Never underestimate the power of a story.
This year, more people will visit the California Wine Country than will visit Disneyland.
How a 20-mile stretch along Napa Valley’s Highway 29 went from being a non-descript region of 25 wineries, a few dozen vineyards and a handful of sleepy agricultural towns 40 years ago to become California’s #1 tourist draw today is truly amazing. Even more amazing when you consider the products sold there are available at just about any major supermarket in the country. No $15 sandwiches or two-hour crawls on an over-crowded highway required.
But the success of the Wine Country isn’t about the wine. It’s about the story behind the wine. When you stop at a winery visitor’s center, you’re treated to more than a few sips of the latest petite syrah release. You get a story to take home with you. You get to see where the wine is made. You get to touch the vines that give life to the grapes. You get the sights, smells and views of the tasting room. You hear the stories of how the wines are made, where the grapes are sourced, and if you’re fortunate enough, might even get a chance to shake hands with the winemaker. And when you head home with that case of Grgich Hills late harvest Chardonnay, you have more to share with your friends and family than wine.

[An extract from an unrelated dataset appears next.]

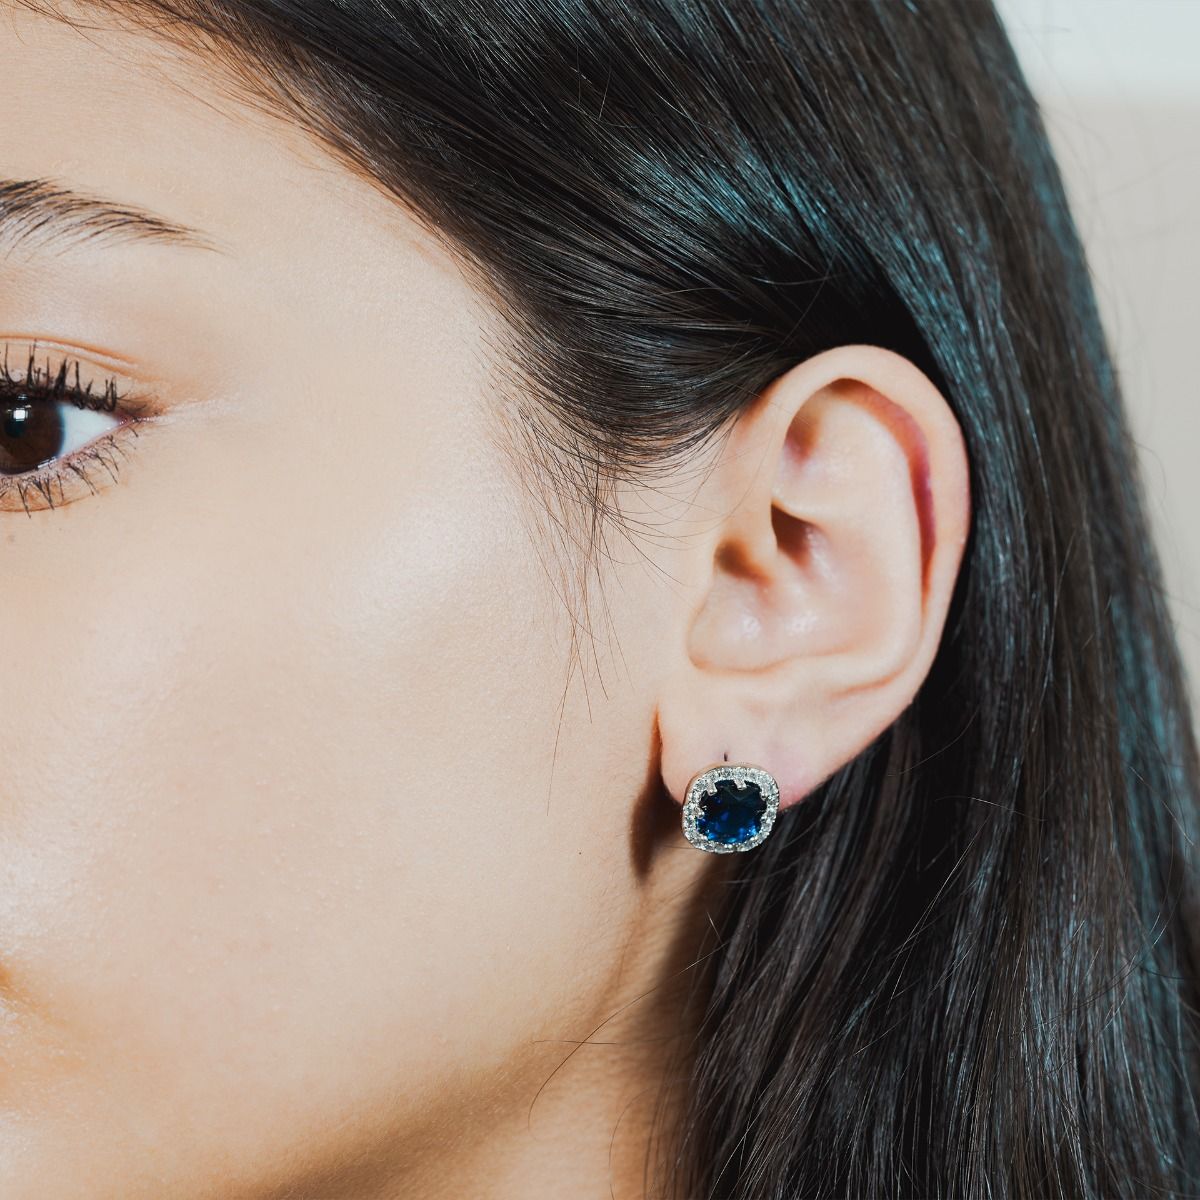 These striking stud drop earrings are set with flawlessly cut cubic zirconia stones, surrounding a dazzling Sapphire coloured cushion cut centre stone. Wear to add timeless glamour to any look.

You have a complete story.
Try getting that at your neighborhood Safeway.
Developing a complete story around your product is the best way to build a community of fans.
A company that was totally built around a story was the retailer Banana Republic. Mel and Patricia Ziegler started the retailer as a mail order company of military surplus items back in 1978. Mel, a writer, and Patricia, an artist, self-published their own catalogues, and pioneered the concept of “armchair adventure,” creating stories around every item they sold. These extreme tales of adventure from the Amazon rain forest or the desolate Australian outback added life to the military jackets, crew socks and pith helmets they had for sale. The hand-illustrated catalog, stapled together on the Zieglers’ kitchen table in Mill Valley, California, soon drew scores of followers, and by 1983 the business had grown so large, the Zieglers sold out to The Gap.
Is there a story to be told about your product or service? One that people would be interested in, that is relevant to what they are looking for, one that would give them a reason to pass it on? Stories are the way to break through the veneer of resistance and to get to the feeling level.
As the saying goes, your customer may forget what you say, he may forget what you did, but he’ll never forget what you made him feel.